Sadie and Kate, my dinner companions, were by far the youngest people in attendance. Kate is an art writer, photographer and avid reader, while Sadie is London poet and barkeeper whose idea of a romantic night out is trying out a series of outrageous chat up lines on unsuspecting men (hi, i’m fertile, whats your name?….reserved for men of a certain age or, hi, I really need a seat…can I use your face….should really be saved for the council estates of Dartford and not used in a classy Marylebone bar). Needless to say the pair of them got their entertainment by spending most of the evening eyeing up the barman and the waiter in turn, as we realised Deborah’s books attract a totally different demographic to us!
Hardy’s is a stylish, cosy bistro on Dorset Street, close to Marylebone station and Baker Street tube. It’s not my usual haunt (even when I lived in London or even when I visit) but it is for Sadie who works just around the corner. The evening we attended was busy. Very busy. Clearly the literary dinner is proving popular and we were almost literally shoe-horned into narrow seats near the bar.
Hardy’s staff were friendly and welcoming if a little flustered at times.
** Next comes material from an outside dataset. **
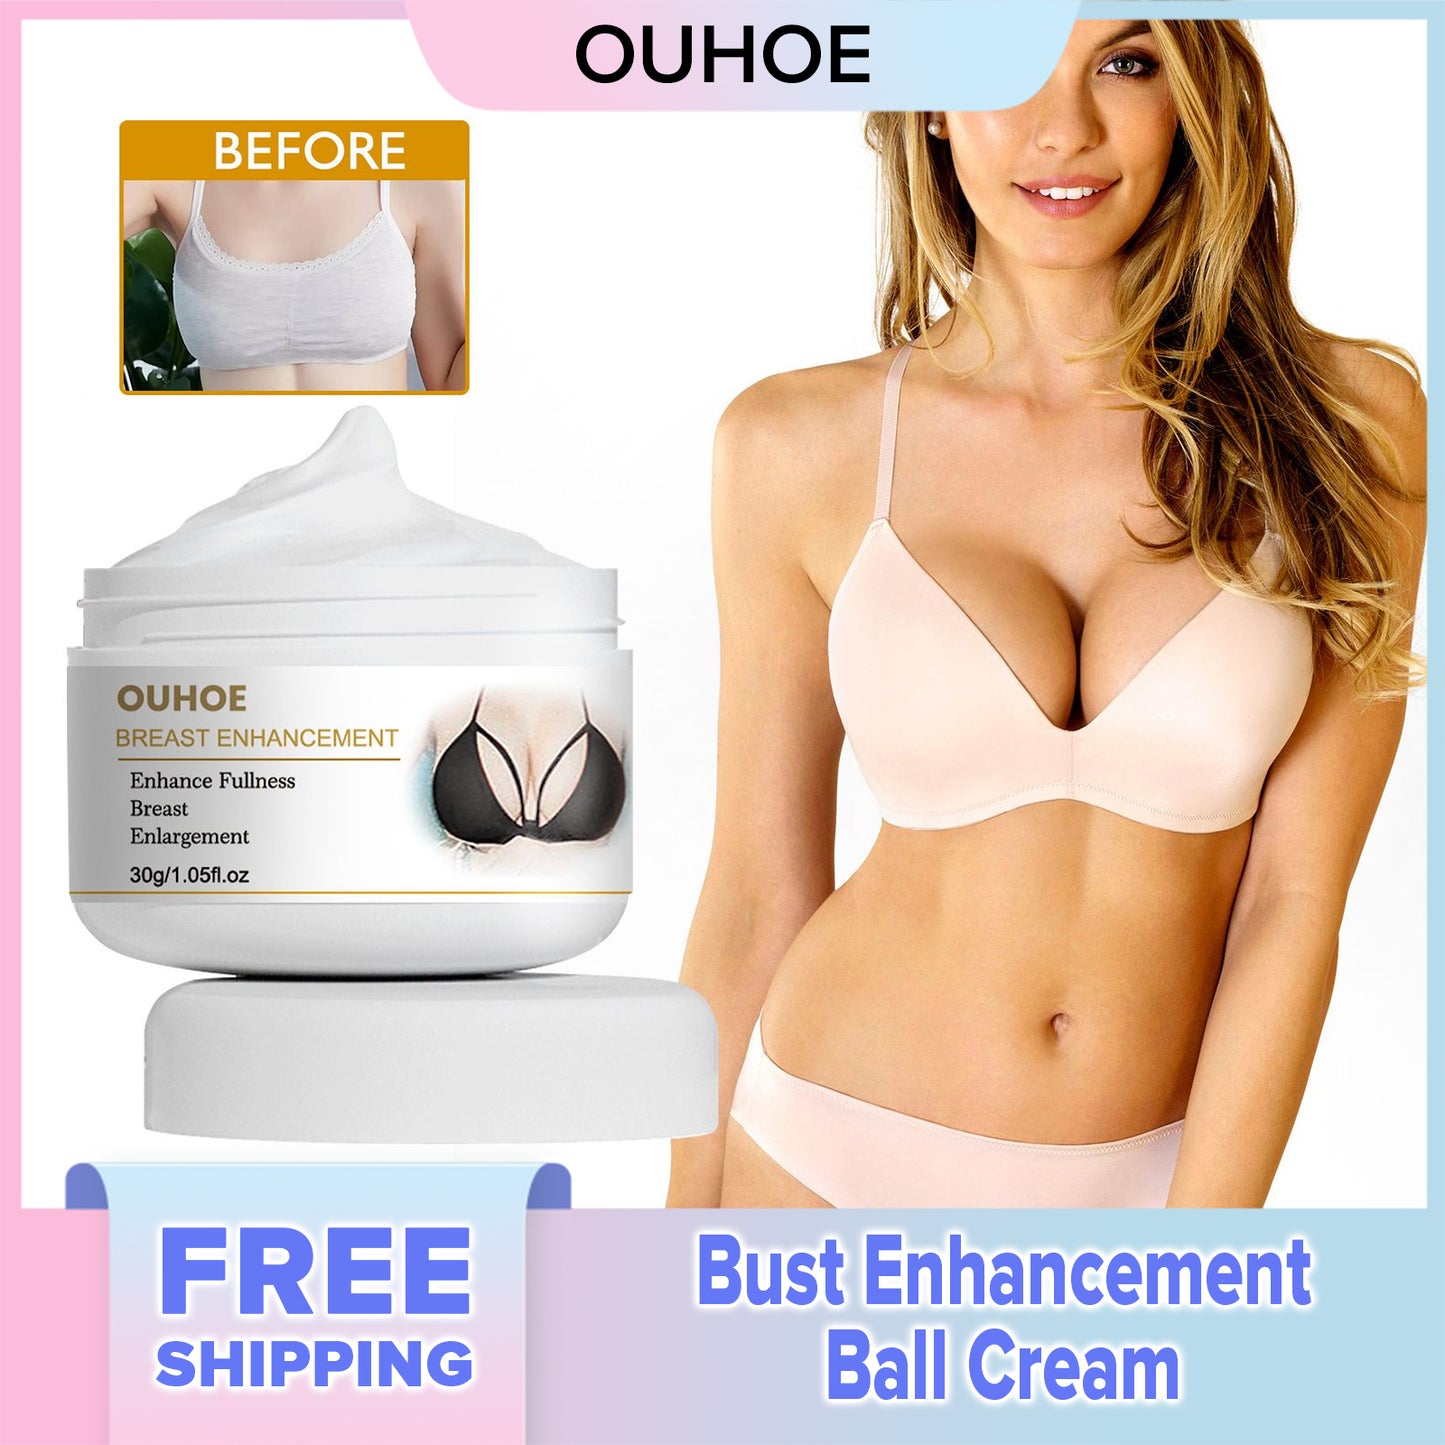 OUHOE Bust Enhancement Ball Cream Firming Boob Fullness Beauty

I didn’t get much of an opportunity to chat to the hosts as they were understandably busy and this seems to be something of a new venture for them. They are clearly still getting used to dealing with the massive influx of dinner guests arriving at once. As I sat at my table the waiter swiftly offered an aperitif; wine or Brecon gin and tonic. I opted for gin as I know and love Brecon. There wasn’t a huge amount of space to move chairs in and out; not a problem for me as the other dinner guests were quite understanding, but others might find this less relaxing. Bread arrived as did the offer of tasty canapes with laverbread and pancetta which we nibbled as we while we studied the menu and made our decision about what to eat. Tempted, Kate devoured several claiming she’d never tried laverbread, and choosing to ignore the rest of the topping “Do not tell anyone I ate pancetta”….(now lapsed vegetarian).
We all settled on something different so we could have a taste of each others. Kate chose baked oysters with laverbread and crispy pancetta (yep, well and truly lapsed veggie by this point). The sauce was flavoursome, although even confirmed salt-fiend Kate said it was a little too salty with the pancetta. Sadie opted for Welsh black beef carpaccio, anchovy, garlic and rosemary dressing which was lovely. Small tender beetroot chunks worked well and we all enthused over the dressing which was the best bit. I chose steamed mussels with leeks and wild garlic. The mussels were delicious; plump, salty and perfectly cooked while the leek base was well seasoned and tasty, but only a mild hint of the wild garlic came through.
Black beef carpaccio with beetroot, anchovy, garlic & rosemary dressing
Baked oysters with laverbread & crispy pancetta
mussels with leeks & wild garlic
For main Kate chose Cod ‘Cymru’ with cheese sauce, spinach, slow roast cherry tomatoes. The cod was cooked perfectly, the sauce and mash, which was rich and creamy, were delicious but the dish itself was a little uninspiring overall. This again was a theme with Sadie’s Glamorgan sausages, mash potato and spiced tomato relish. The relish was well-flavoured, but the mash was more like crushed potato and not half as rich or creamy as Kate’s and the Glamorgan sausages were just lacking in flavour a little. A good strong Welsh cheddar would have perked these up and not a light Caerphilly, which just doesn’t have the strength. I know it’s traditional, but hey! Finally, I chose the 12 hour slow roast lamb in lavender with braised onions and potatoes, chanteney carrots. The lamb was delicate, tender and melted in the mouth. It had just the slightest hint of sweetness (which I presume was from the lavender) but the lavender itself was barely detectable among the deep flavours of the jus. The carrots and potatoes were nice but perhaps a leeky mash might have been better to soak up the sauce.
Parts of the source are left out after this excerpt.